187 pp., pbk., $14.95.
ISBN 978-1-926531-10-6.

Grades 6-8 / Ages 11-13.

Review by Joan Marshall.

**½ /4



When afternoon classes were over, I called Mom. She sounded like she was going to burst into tears when she told me she hadn't seen Gabby. I choked back my emotions. Her flight must have been this morning, which meant my sketches were lying on the coffee table in her locked apartment. I willed my legs to move faster on the walk home so that I could figure out what to do. Break in? Get Ally to go shimmy up the fire escape and crawl through a window? Hand them in a week late and beg FIT to consider my application?

I had only been in our apartment for a few minutes when the door banged open and Dad walked in. Ally sat on his shoulders and held onto his ears pretending he was her horse. "Whoa, horsey! Go to your stable!" she ordered.

"You didn't see Gabby on your way in, did you?" I asked, grabbing his arm.

Dad bent down so Ally could get off. "I saw her this morning when I left for work. She got into a cab going to the airport. Something about a trip to Los Angeles?" he said, tucking in his post horsey shirt and smoothing down what was left of his thinning brown hair.

"I knew it!" I wailed. Hoping to stall a panic attack, I put my head between my knees and tried to breathe deeply. "I left my sketches in her apartment."

Dad bent down to decipher my mumbled explanation and patted my back. "Don't worry. I think she said she'll be back in a week."

"DAD! They are due today! I can't wait a week." I collapsed like a cooked spaghetti noodle. "Forget it. This whole thing has been so much trouble, and I'm sick of stressing about it. It's all I've thought about since we got here." I sank lower in my chair. The deadbolt clicked open and Mom breezed in looking satisfied with herself. "Maybe there's a goat herding internship in Tibet I can do this summer."

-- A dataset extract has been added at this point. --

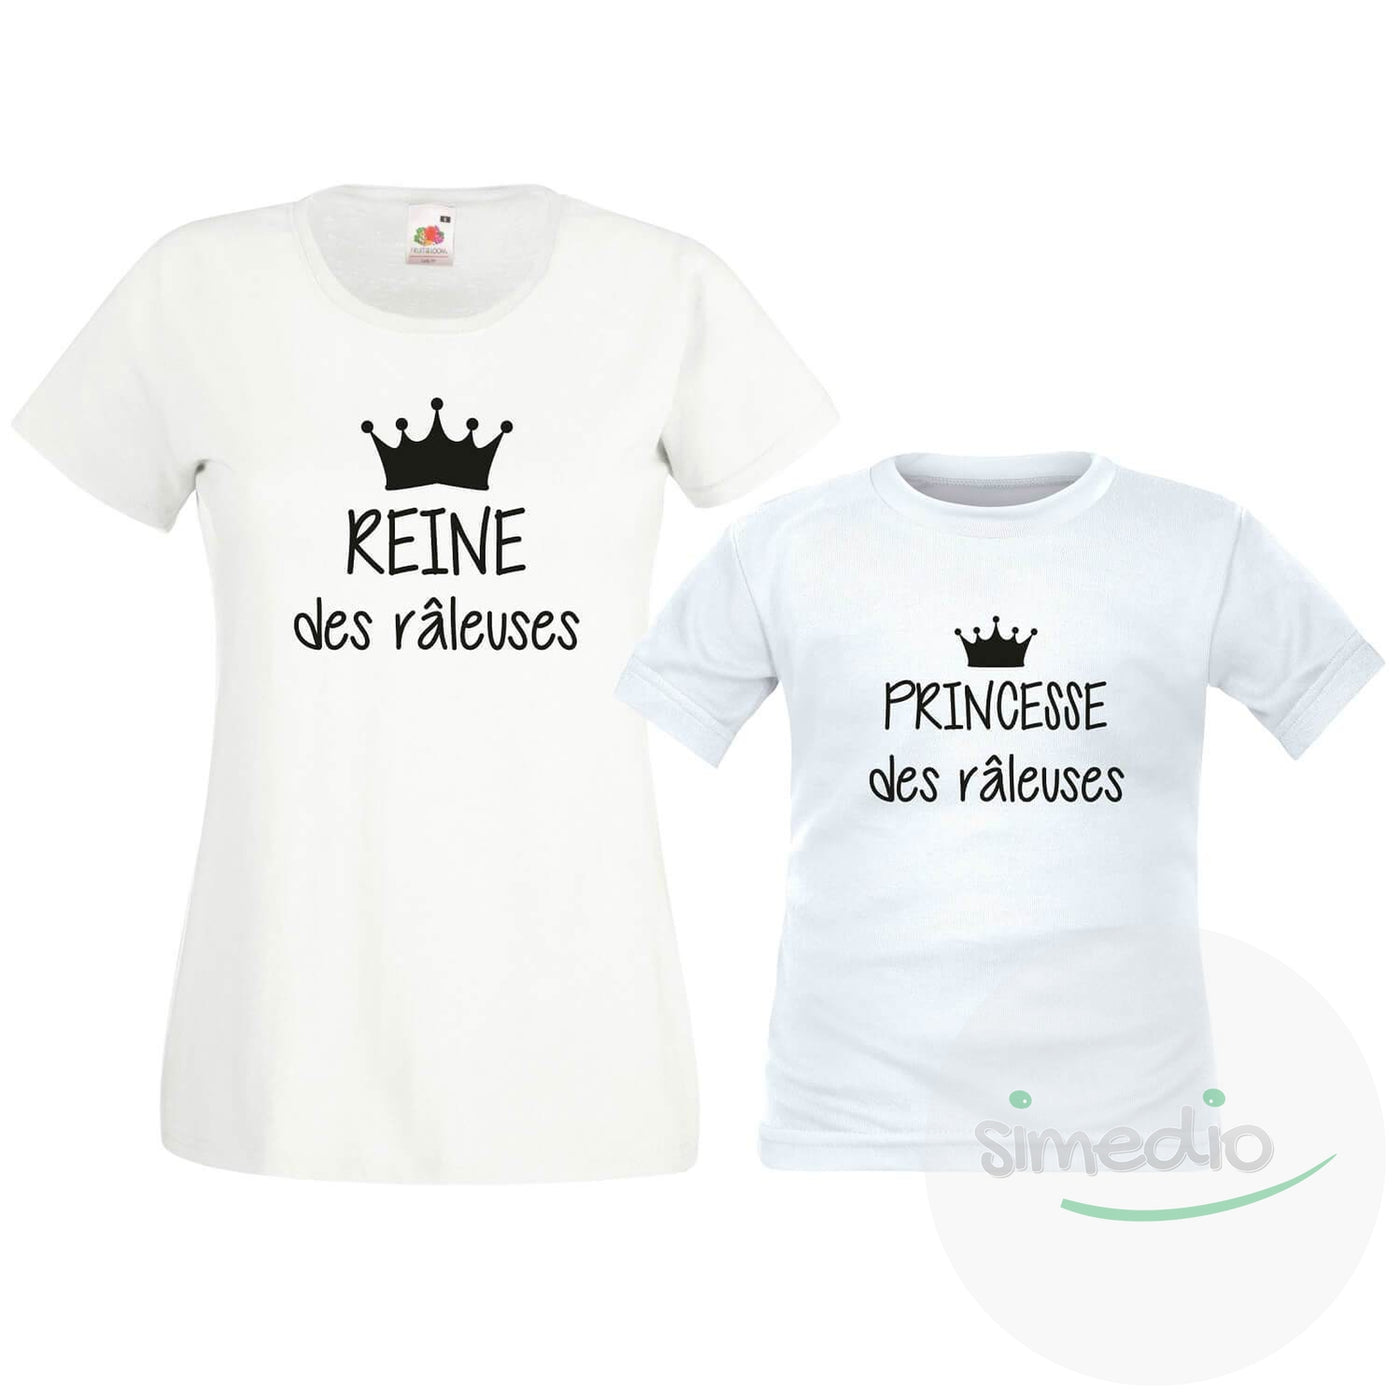 Ensemble famille des tee shirts : REINE / PRINCESSE des râleuses, ROI / PRINCE des râleurs, , , - SiMEDIO

Fifteen-year old Tori Edwards' life revolves around fashion design, and so, even though she will be the new girl coming into a prestigious New York high school where her father has been hired to teach, Tori happily leaves Winnipeg and embraces New York with a passion. Although the one bedroom apartment is dingy and cramped and she has to sleep beside her four year old sister, Ally, on a couch, Tori is soon caught up in applying for a summer internship at the Fashion Institute of Technology. And then there's Zak, a yummy art student happy to tutor her in math, with, sigh, a drop dead gorgeous girlfriend, Anna. With the help of new friend, Avery, and a neighbour, Gabby, a fashion stylist who wangles an invite for Tori to volunteer at the fashion event of the year, Tori deftly navigates boyfriend drama and is accepted as a summer intern. What she doesn't count on is her 40 year old mother getting pregnant.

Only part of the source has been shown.